Frustrated, I took matters into my own hands and bought a small smoker. I'm afraid I've become something of an addict. The same way alcoholics look at cough syrup and see alcohol syrup, I look at food and see smoked food: peppers, garlic, tofu, tomatoes, corn, zucchini, okra, kale, eggplant, eggs and cold smoked cheeses. One day, as the fire died out, I had the bright idea of smoking a bowl of dog food, just briefly, to see if the dogs would be as seduced by the flavor of smoke as I had become. (They were. Seduced. When I carry the smoker from the shed they circle it like it's a smoked kibble Pez dispenser.)

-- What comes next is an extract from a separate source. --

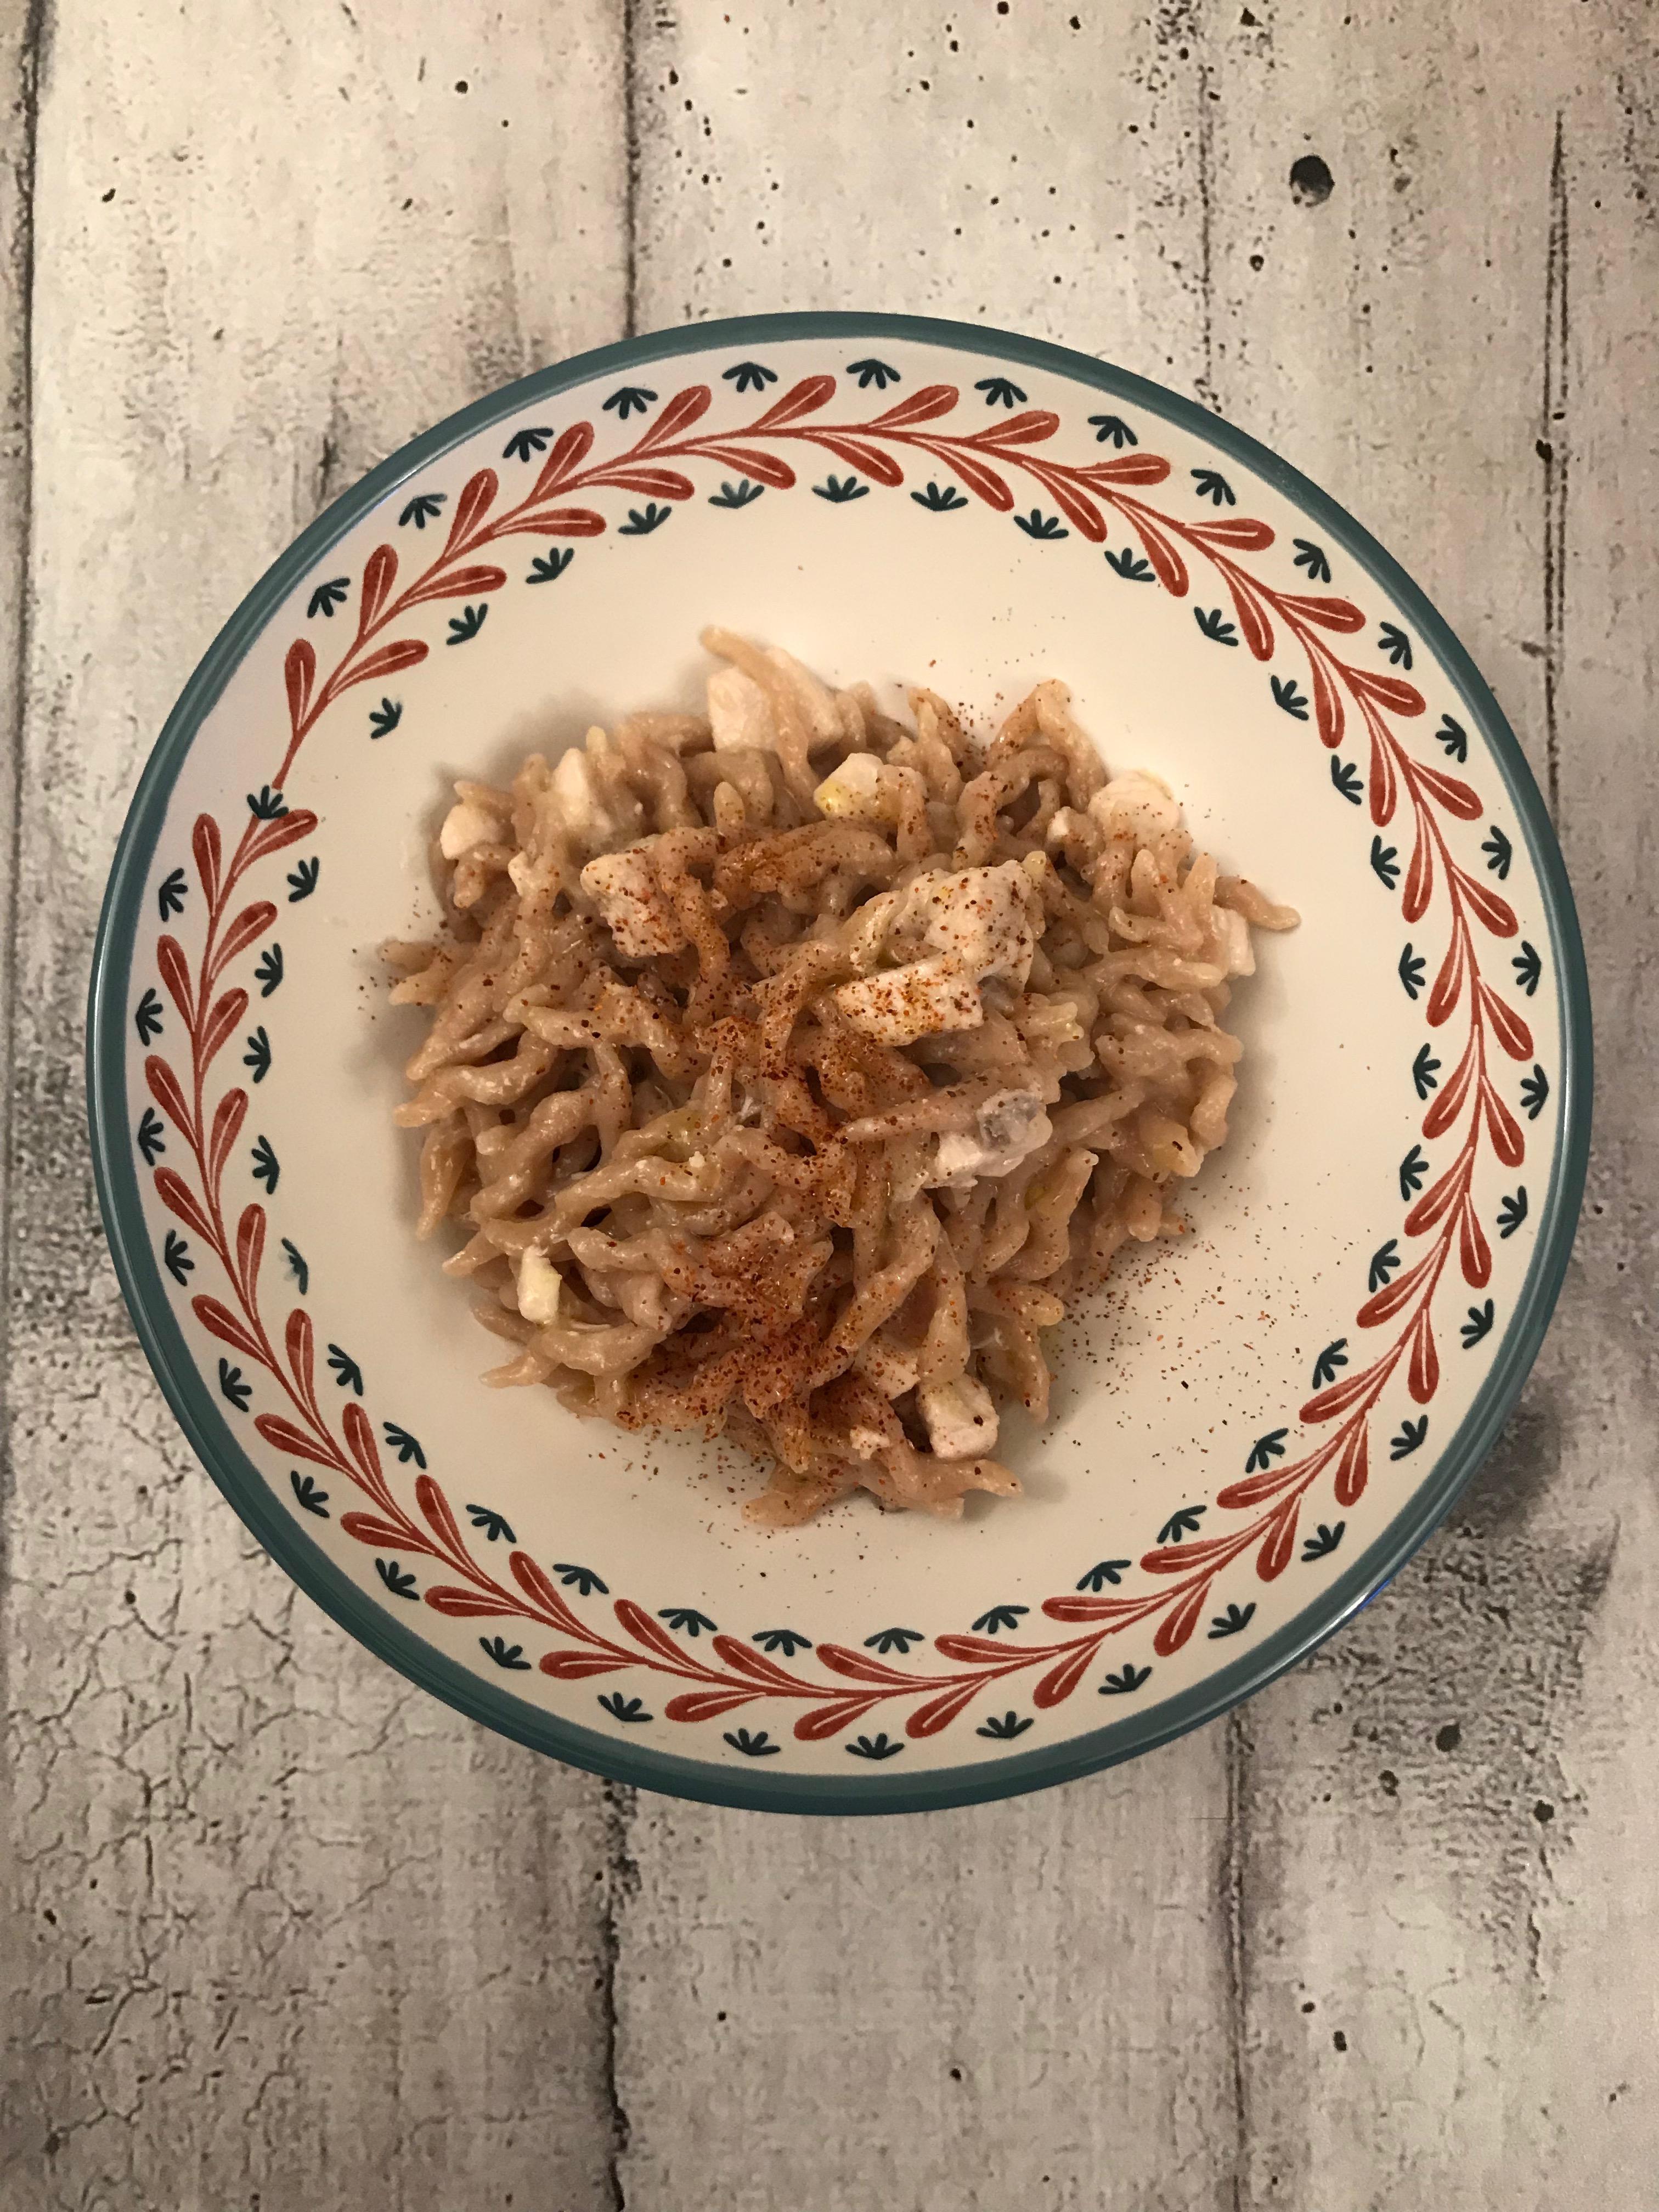 trofie castagne patate ostriche arancia pesce spada.JPG

So here are some smoking tips, from someone who knows:

  • Before smoking blocks of super-firm tofu, press it, freeze it, thaw it, cut it in half lengthwise, and marinate it in soy sauce for a couple of hours. Smoke it for four hours, or until it's the firmness of ham. Hickory gives it just the right amount of flavor and color. Mesquite smokes it to a burnt hue, although the flavor is fine.
  • Plum tomatoes are the easiest to smoke because they are fleshier than other varieties. Halve them and smoke them for four hours. Slip the skins off before using. If you want a drier tomato (more like a sun-dried tomato), slow-roast them in the oven first, and then smoke briefly.
  • Large portobello mushroom caps should be heavily oiled before they are smoked, otherwise they get very dry.
  • Roast and peel bell peppers before you smoke them.
  • Don't hang your laundry anywhere near the smoker, unless you want to smell BBQ as things heat up during your morning walk.

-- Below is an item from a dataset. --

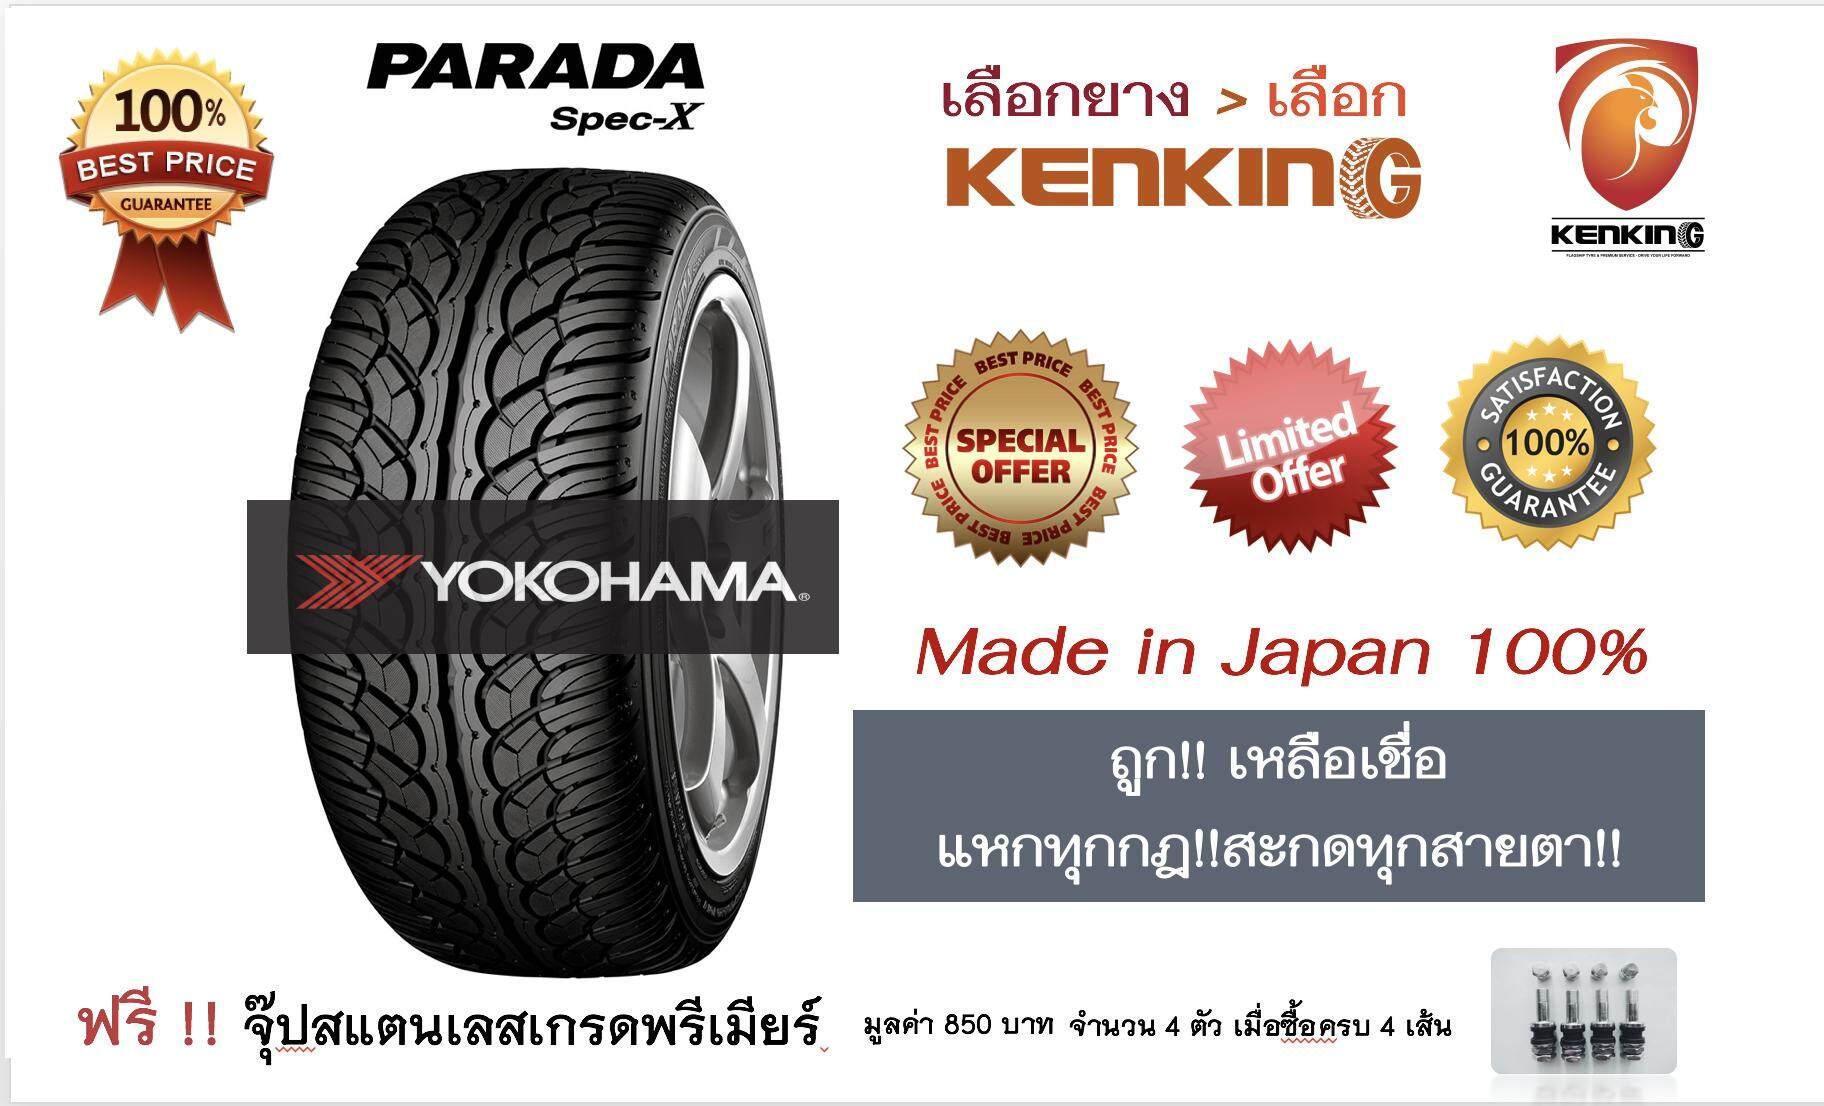 ประกันภัย รถยนต์ 3 พลัส ราคา ถูก นครราชสีมา ยางรถยนต์ขอบ20 Yokohama  245/45 R20 Parada Spec-x NEW!! 2019 ( 1 เส้น ) FREE !! จุ๊ป PREMIUM BY KENKING POWER 650 บาท MADE IN JAPAN แท้ (ลิขสิทธิืแท้รายเดียว)

Recently, my mom and dad went fishing and brought home five pounds of mullet fillets. For those unfamiliar with mullet, it's what some might call a trash fish. It's plentiful along the Gulf Coast. You see them running the bays and bayous in large schools, showoff jumping and landing with a splash. Anyone proficient with a net can scoop up a mess with one toss. Mullet has a strong, unique flavor and is typically fried or smoked. Roadside mullet smokers used to be common, but I haven't seen one in the Panhandle for many years. My dad remembers large cans of salted mullet that they soaked before cooking, the way you'd soak salt cod. That was before my time.

I commandeered most of the mullet fillets for my smoker, because nobody needs five pounds of mullet lying around unless you're running a booth at the Mullet Festival. I cut out the blood line (essential for fishy fish), dry-rubbed it with kosher salt, pepper and brown sugar, and smoked it for three hours. Since then, we've eaten smoked mullet with eggs and grits, smoked mullet tacos, smoked mullet bacalhau, smoked mullet hash, and smoked mullet straight, like a shot of vodka.

High on hickory smoke and bloated with salty fish, I needed to use up all of the smoked ingredients that were bursting from my refrigerator, so I threw a Halloween picnic for my daughter and her friends, who were visiting from college for the weekend. The menu featured everything smoky, including — yes! — the very last bit of smoked mullet.

Every mullet-loving Gulf Coast family has its own recipe for smoked mullet spread. Here's our version.

Smoked mullet spread

Makes about 3 cups

Ingredients

  • 8 ounces cream cheese, softened
  • 3 green onions, mostly tops, finely diced
  • 2 tablespoons mayonnaise
  • 1 tablespoon Worcestershire sauce
  • Zest of one lemon
  • Juice of half a lemon
  • ½ teaspoon fresh ground pepper
  • ½ teaspoon Vietnamese garlic chili sauce or sriracha (or to taste) – we like lots.
  • 2 cups finely diced smoked mullet (use the thick, meaty portions, not the hard-smoked ends)

Directions

  1. Combine the cream cheese, onion, mayo, Worcestershire, lemon zest, lemon juice, pepper and garlic chili sauce. Add the smoked mullet.
  2. Taste and add additional heat or lemon juice as needed for balance, and add mayonnaise as needed for consistency. You may or may not need to add salt, depending on the saltiness of the smoked mullet. Our smoked mullet is on the salty side because we prefer to use a dry rub rather than a brine.